Eliminator - tries : 1 time : 0.00
Lin. dep. - tries : 1 time : 0.00
Lin. dep. - number : 0
Presolve terminated. Time: 0.00
Problem
Name :
Objective sense : min
Type : CONIC (conic optimization problem)
Constraints : 5
Cones : 0
Scalar variables : 5
Matrix variables : 5
Integer variables : 0
Optimizer - threads : 12
Optimizer - solved problem : the primal
Optimizer - Constraints : 5
Optimizer - Cones : 0
Optimizer - Scalar variables : 5 conic : 0
Optimizer - Semi-definite variables: 5 scalarized : 180
Factor - setup time : 0.00 dense det. time : 0.00
Factor - ML order time : 0.00 GP order time : 0.00
Factor - nonzeros before factor : 15 after factor : 15
Factor - dense dim. : 0 flops : 4.19e+04
ITE PFEAS DFEAS GFEAS PRSTATUS POBJ DOBJ MU TIME
0 1.3e+01 0.0e+00 4.1e+01 0.00e+00 4.000000000e+01 0.000000000e+00 1.0e+00 0.02
1 1.9e+00 2.2e-16 2.8e+00 8.97e-01 6.441256528e+00 2.573274372e-09 1.5e-01 0.03
2 1.6e-01 2.4e-15 6.6e-02 8.91e-01 5.577200774e-01 7.878263112e-09 1.2e-02 0.03
3 8.2e-05 3.3e-15 5.9e-07 9.98e-01 2.890545069e-04 8.480372864e-09 6.3e-06 0.03
4 3.4e-08 2.4e-15 5.3e-12 1.00e+00 1.294791667e-07 8.483527075e-09 2.6e-09 0.05
5 8.5e-09 2.6e-15 8.7e-13 7.98e-01 5.221510783e-08 1.634224410e-08 6.6e-10 0.05
6 3.1e-09 2.1e-15 3.5e-13 1.79e-01 7.050103158e-08 4.688096425e-08 2.4e-10 0.05
7 6.4e-10 2.8e-15 4.1e-14 4.94e-01 7.101180539e-08 6.496732572e-08 5.0e-11 0.05
Optimizer terminated.
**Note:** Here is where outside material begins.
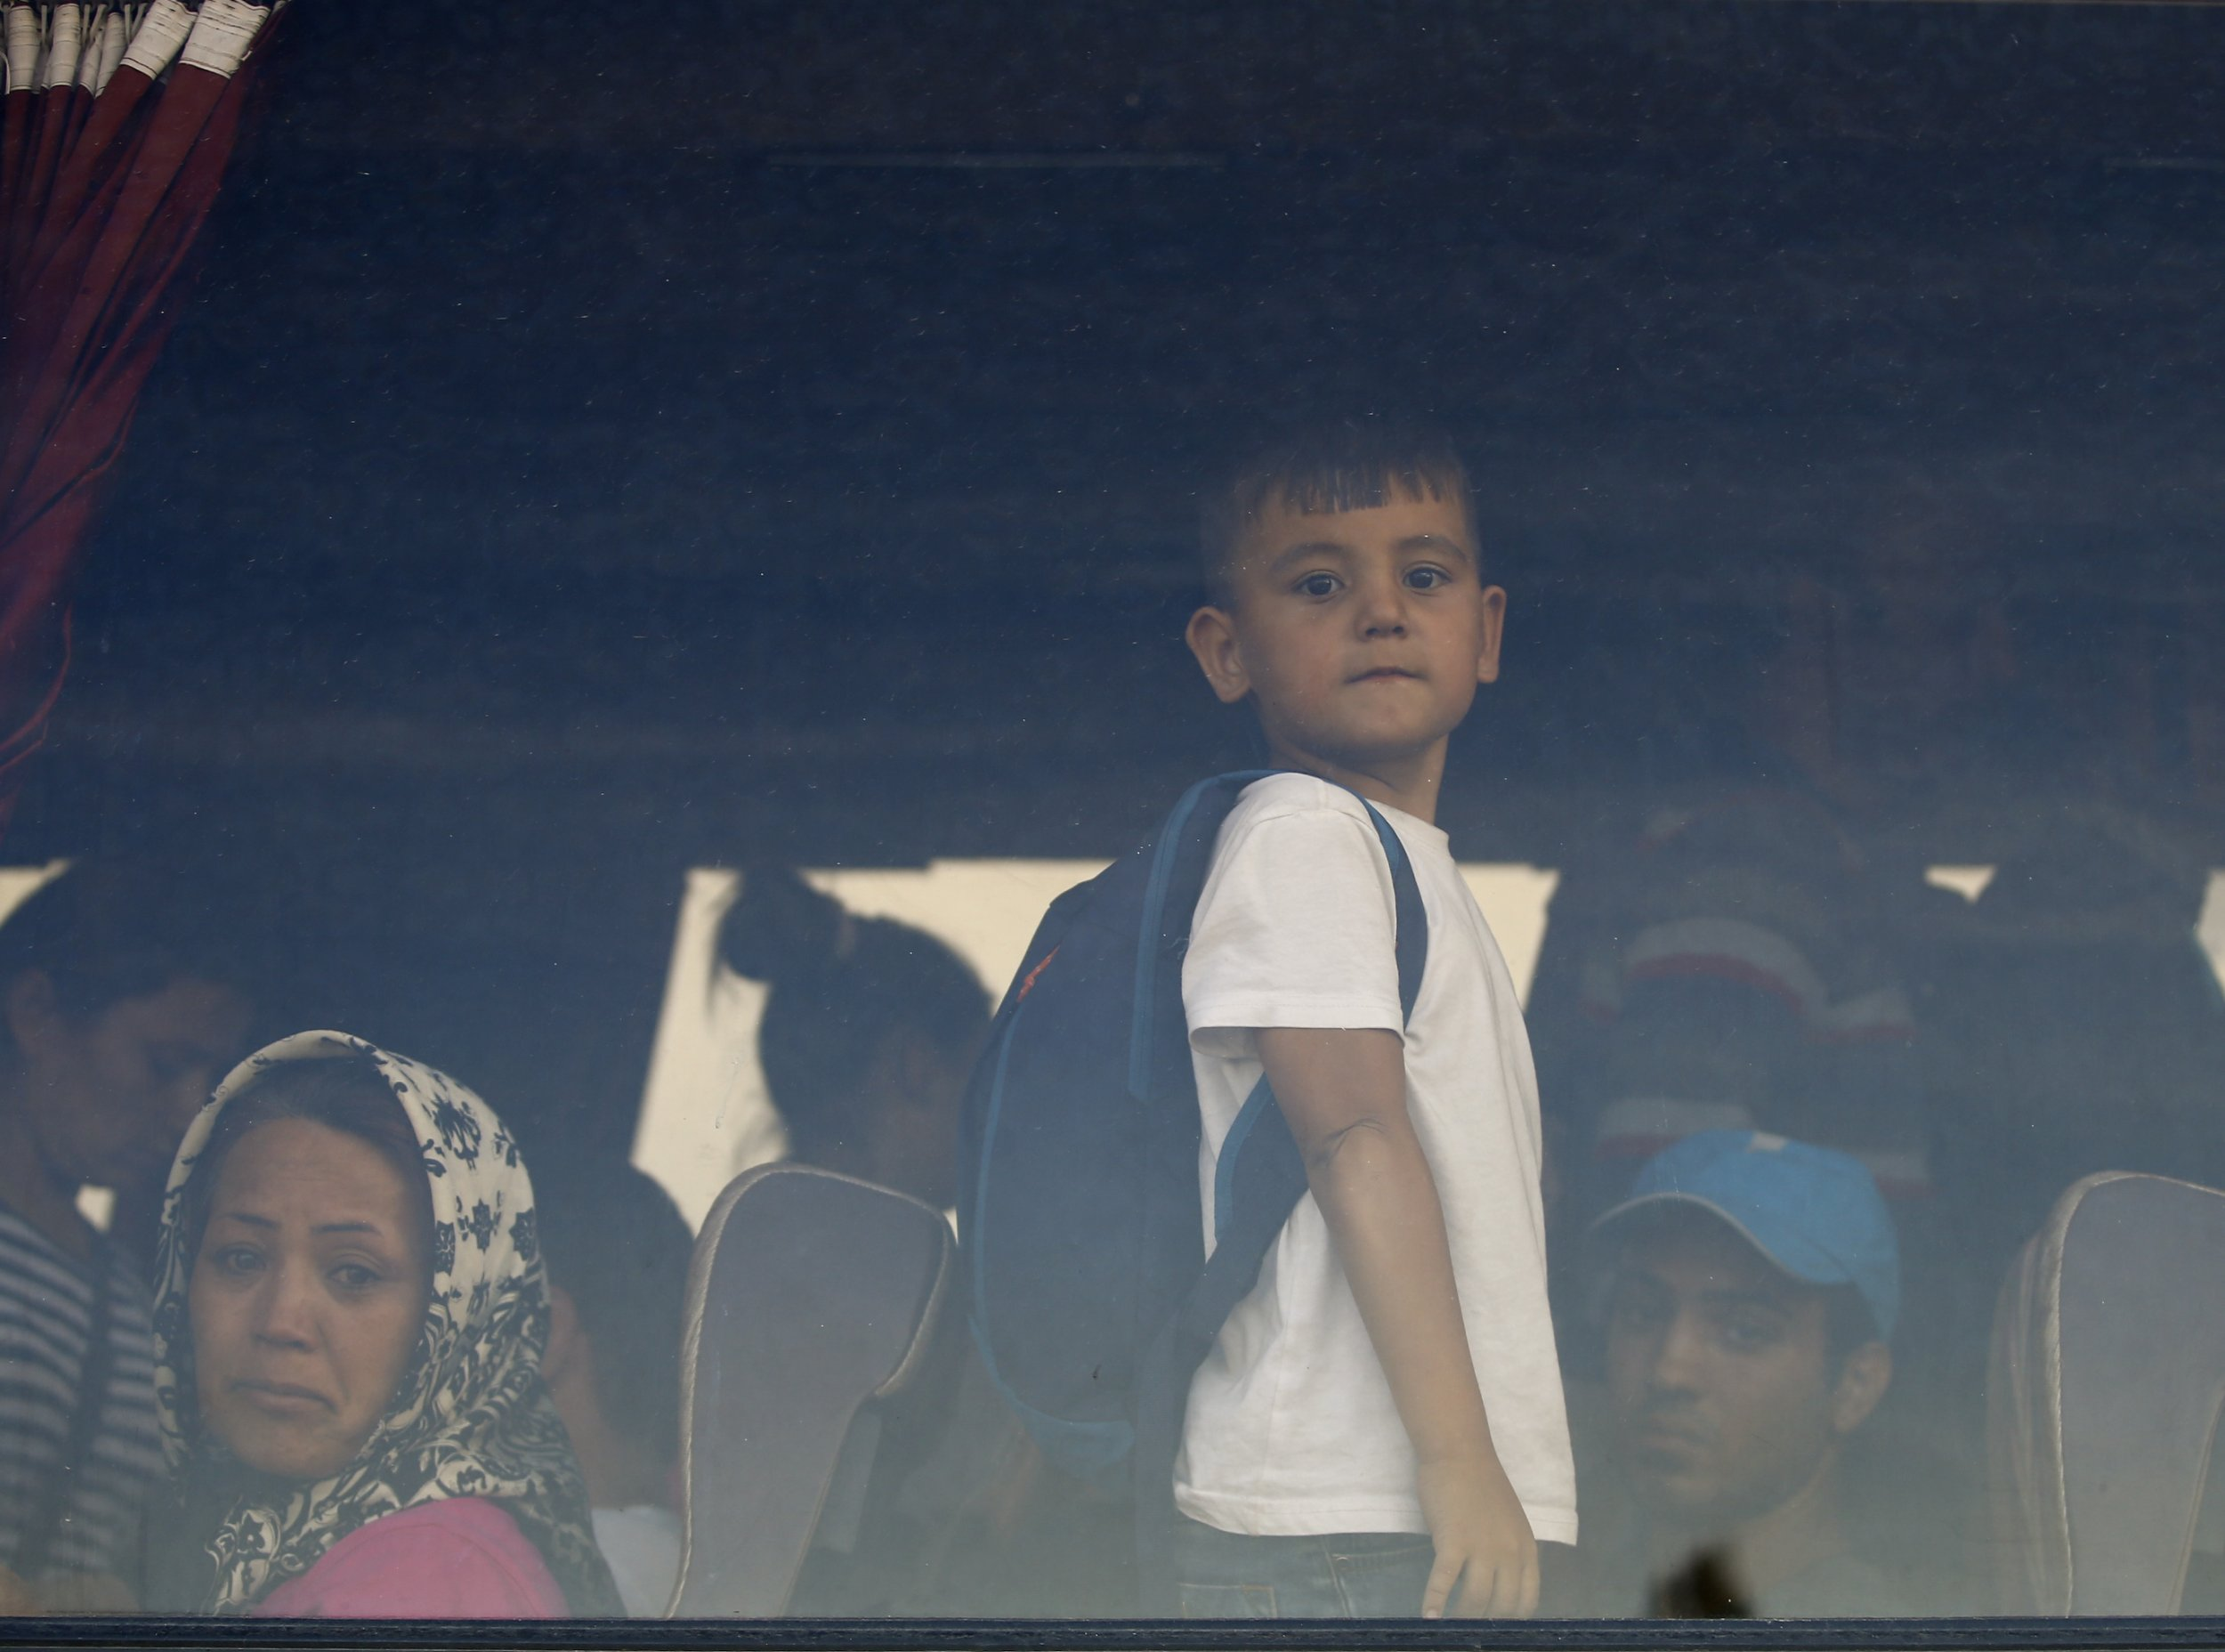 9/4 Hungary Refugees Train Camp

Time: 0.06
Interior-point solution summary
Problem status : PRIMAL_AND_DUAL_FEASIBLE
Solution status : OPTIMAL
Primal. obj: 7.1011805391e-08 nrm: 1e-08 Viol. con: 4e-09 var: 0e+00 barvar: 0e+00
Dual. obj: 6.4967325724e-08 nrm: 6e+00 Viol. con: 0e+00 var: 4e-16 barvar: 9e-15
Optimizer summary
Optimizer - time: 0.06
Interior-point - iterations : 7 time: 0.05
Basis identification - time: 0.00
Primal - iterations : 0 time: 0.00
Dual - iterations : 0 time: 0.00
Clean primal - iterations : 0 time: 0.00
Clean dual - iterations : 0 time: 0.00
Simplex - time: 0.00
Primal simplex - iterations : 0 time: 0.00
Dual simplex - iterations : 0 time: 0.00
Mixed integer - relaxations: 0 time: 0.00
------------------------------------------------------------
Status: Solved
Optimal value (cvx_optval): +7.10118e-08
0.9488 0.8835 0.8828 0.8804 0.9027
The last line is my verification of users’ SINRs, which are all less than 1.
I try to use the sdpt3 solver, and this problem disappears. So, why does this weird problem occur?